Metallic armour are used when cables have to be installed direct buried, or if mechanical protection is required.

Following points must be considered:

• Required tensile load
• Expected pressure on cable during service
• Protection against rodent
• Protection against accidental damage
• Minimum required bending radius.

SWA: Single Galvanized Steel Wire Armour, with diameters according to relevant standards, coverage min. 90%. This armour assures a very good mechanical protection and tensile strength. An additional counterspiral tape increases solidity, if required.

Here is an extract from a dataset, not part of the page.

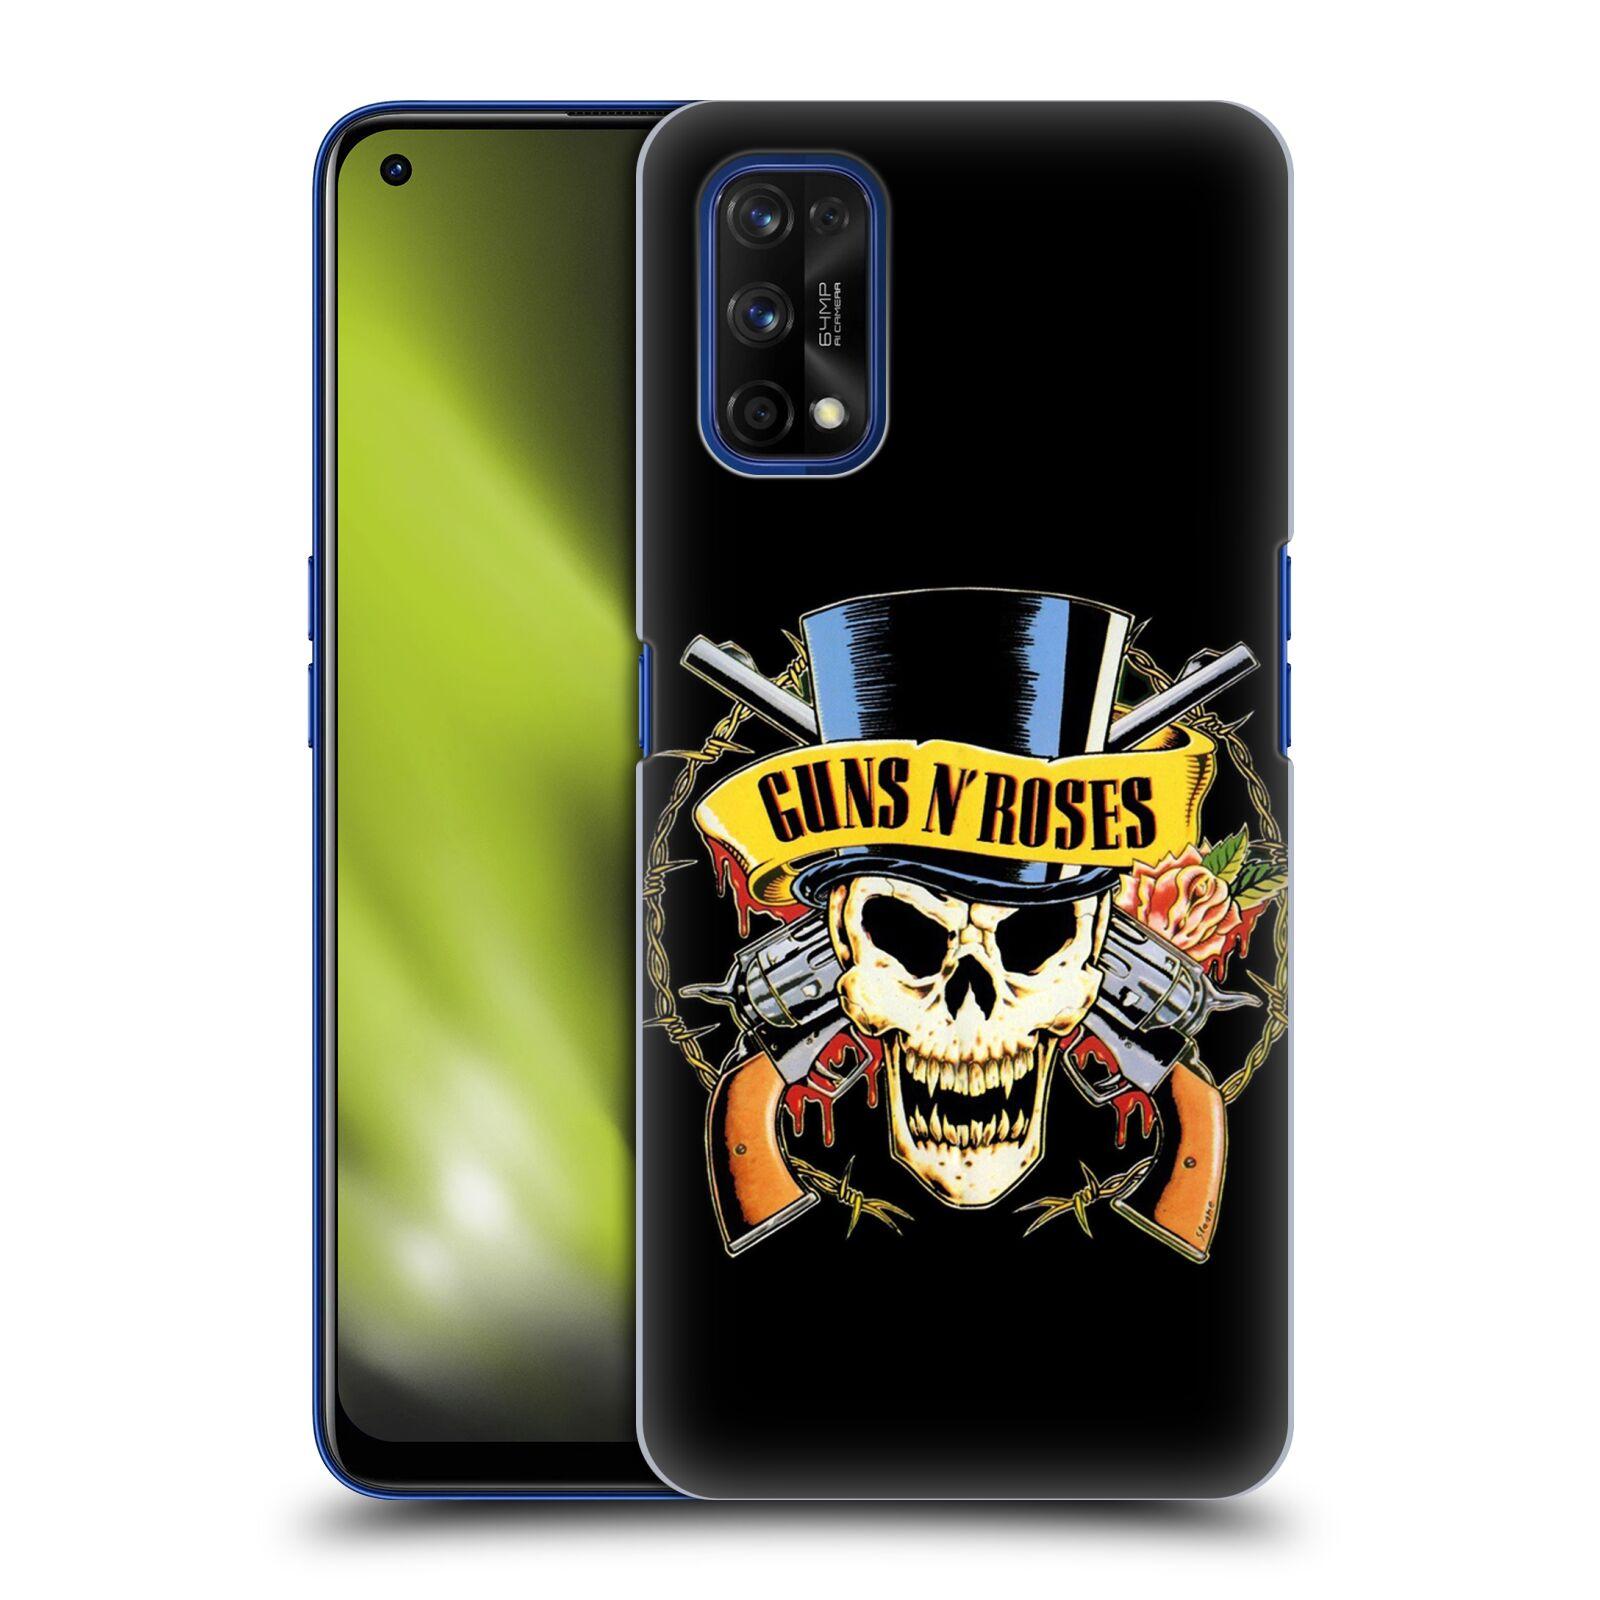 Plastové pouzdro na mobil Realme 7 Pro - Head Case - Guns N' Roses - Lebka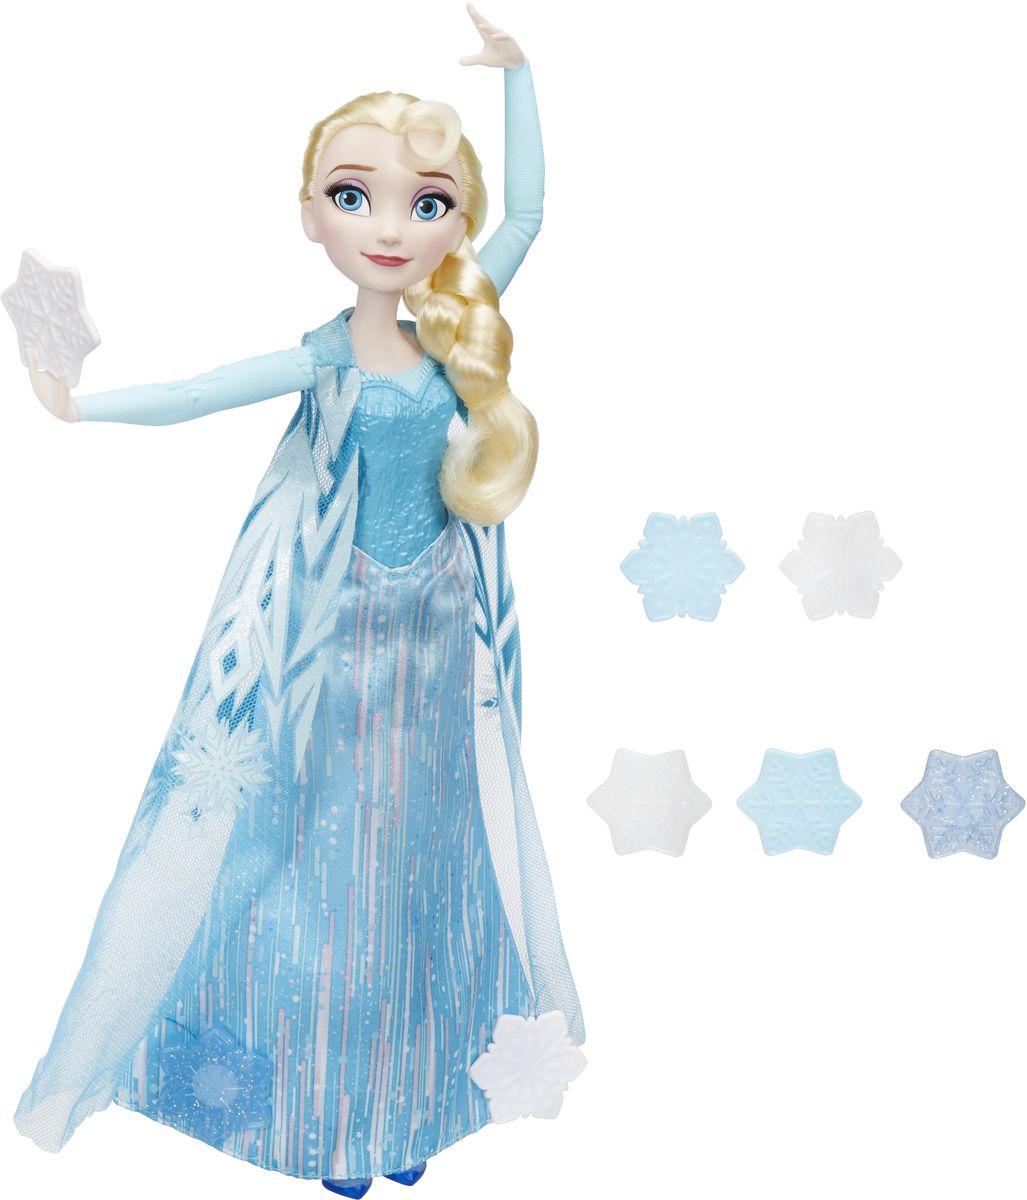 Disney Frozen Кукла Эльза запускающая снежинки рукой  disney frozen 8 pack marker set

STA: Double Galvanized Steel Tape Armour, composed by two tapes with overlapped edge; thickness of each tape: 0.20 – 0.30 – 0.40 mm, according to cable diameter. It grants a coverage > 100%. Very good crush resistance, but fair tensile strength.

Brass tape of minimum thickness 0.075 mm can be used for special applications.

SWB: Galvanized Steel Wire Braid Armour, diameter of wire: 0.20 – 0.25 – 0.30 – 0.40 mm, with coverage of > 80%. It assures a good mechanical resistance, allowing a lower bending radius compared to other armour. It is preferable when there is movement or vibration.

For special application is possible to use stainless steel, tinned copper or special alloy wires.

Outer Sheath

Many compounds can be used as internal/external protection of cables. Working condition need to be considered for the right choice.

PVC, PE and LSFOH are the most popular materials, but we have to consider that different grades are available to meet specific working conditions.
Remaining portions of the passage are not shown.